I imagine being diagnosed with COVID-19 has brought on so many different emotions. I’m so glad to hear you’re doing well and everybody’s good. You recently donated plasma. I imagine that it also sort of inspired you a little bit as well with all of the support you received?
When I was diagnosed with breast cancer, it really taught me that every day is a gift and that things that you used to think happened to other people actually happen to you now. You’re the one out of eight women who’s going to get diagnosed. And so, that taught me to really not take anything for granted.

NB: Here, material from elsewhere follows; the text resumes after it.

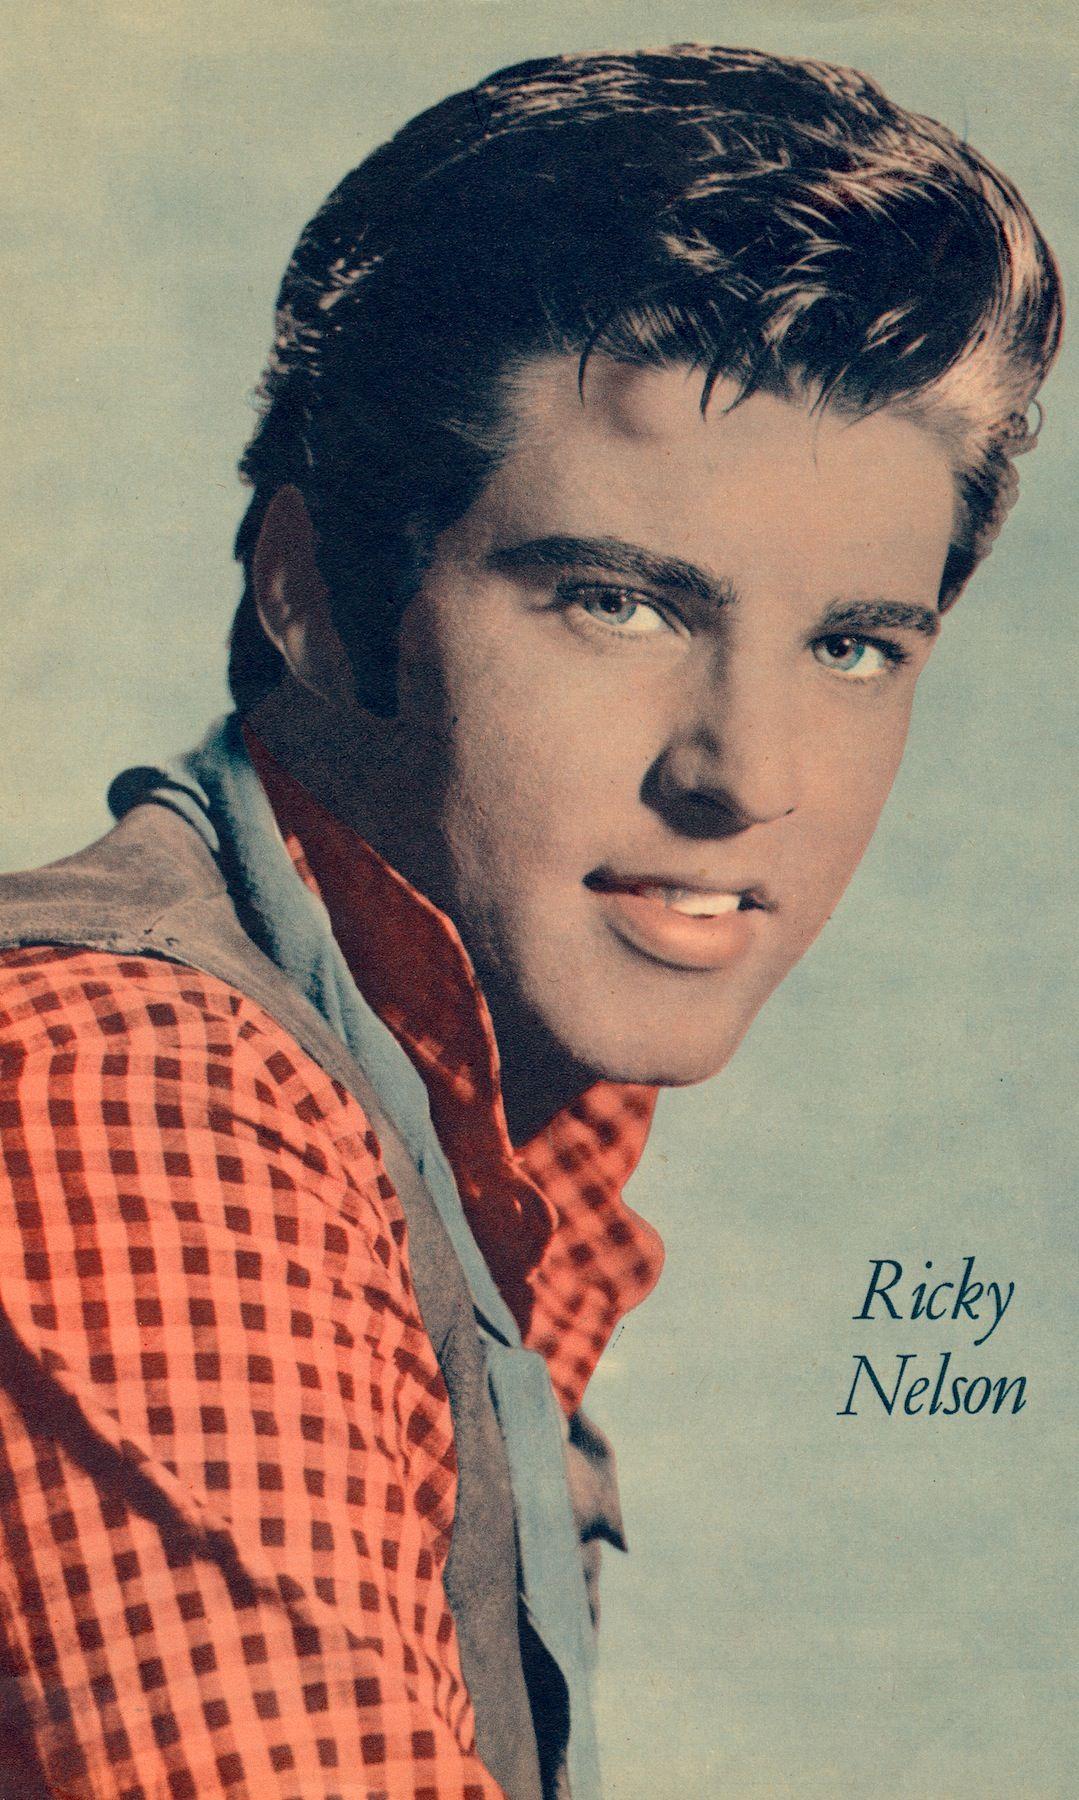 Ricky Nelson Album
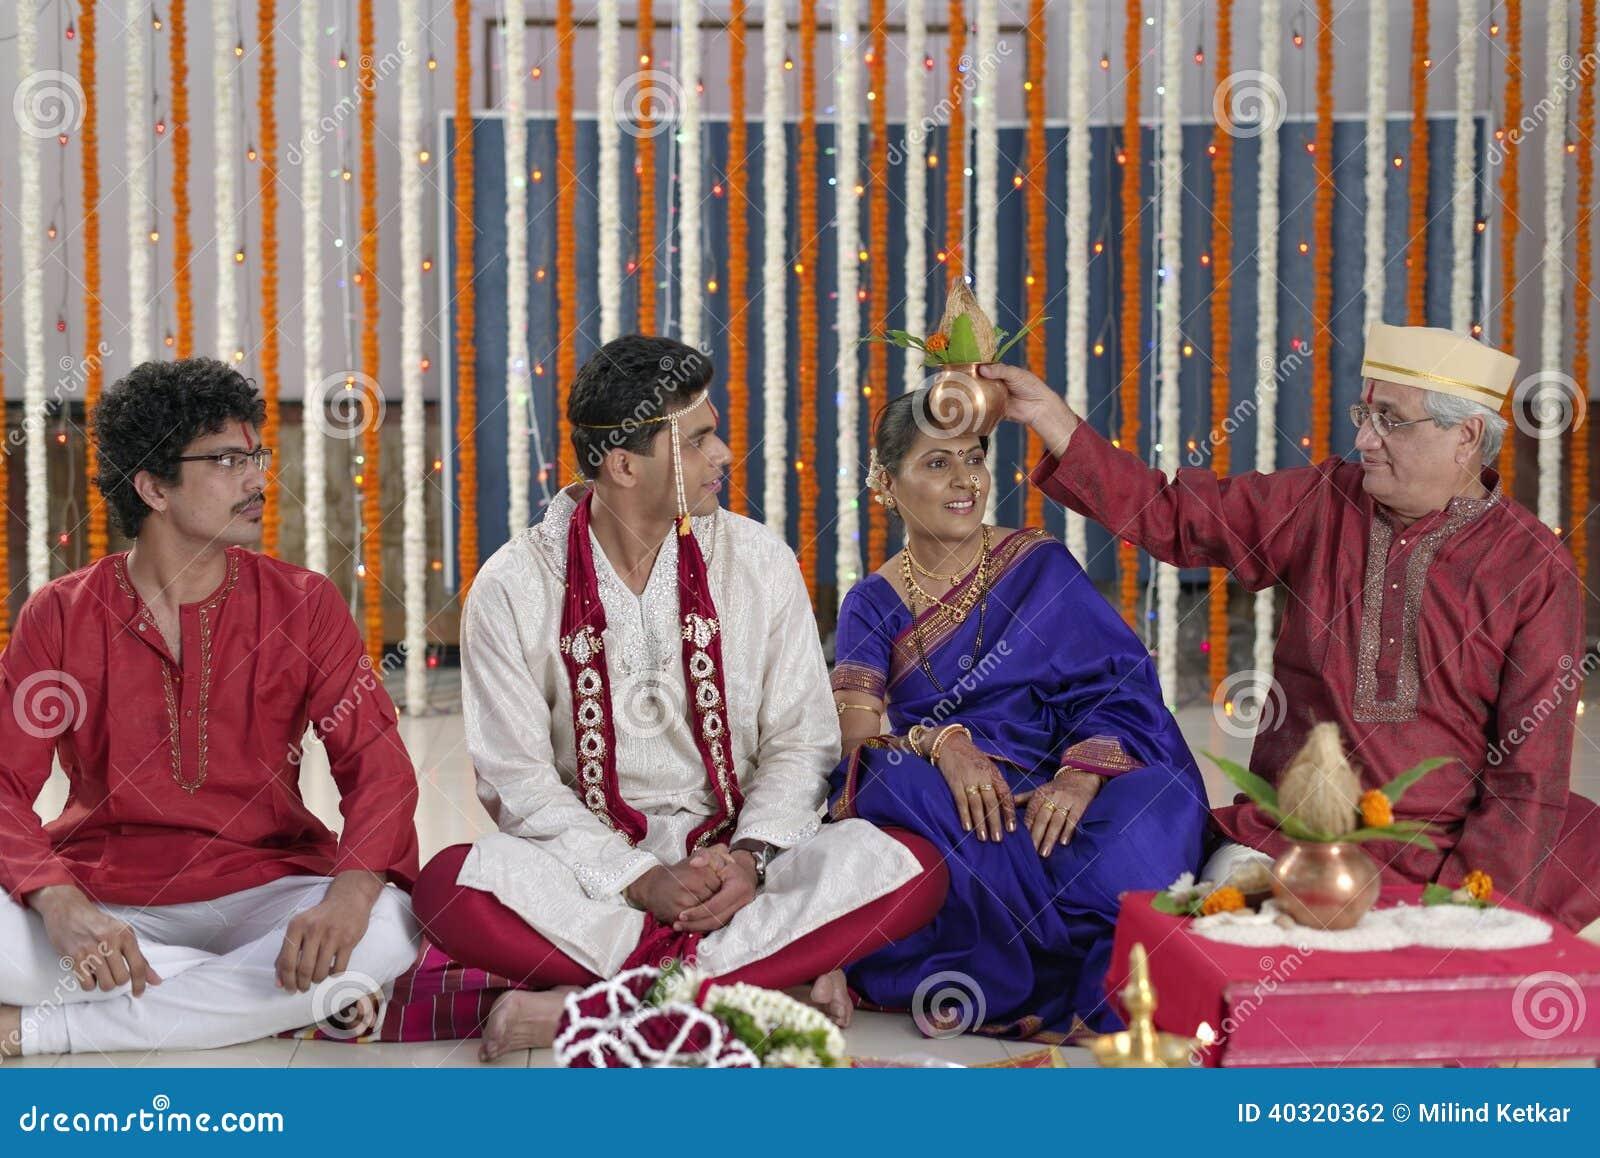 Ritual en la boda hindú india

Then getting coronavirus, I was very thankful that I got it early on so that I was not aware of what the death toll was going to be and how severe it has become, because I think that would have been all the more terrifying. Coming through it and being on the other side of it has just reinforced that idea that every day is a gift, and I am trying to do the best that I can, and loving and being with the people that really mean the most to you, your family and your friends. And so, I think this time has been, as everyone is calling it, a reset of what’s important.
This interview has been edited and condensed for clarity.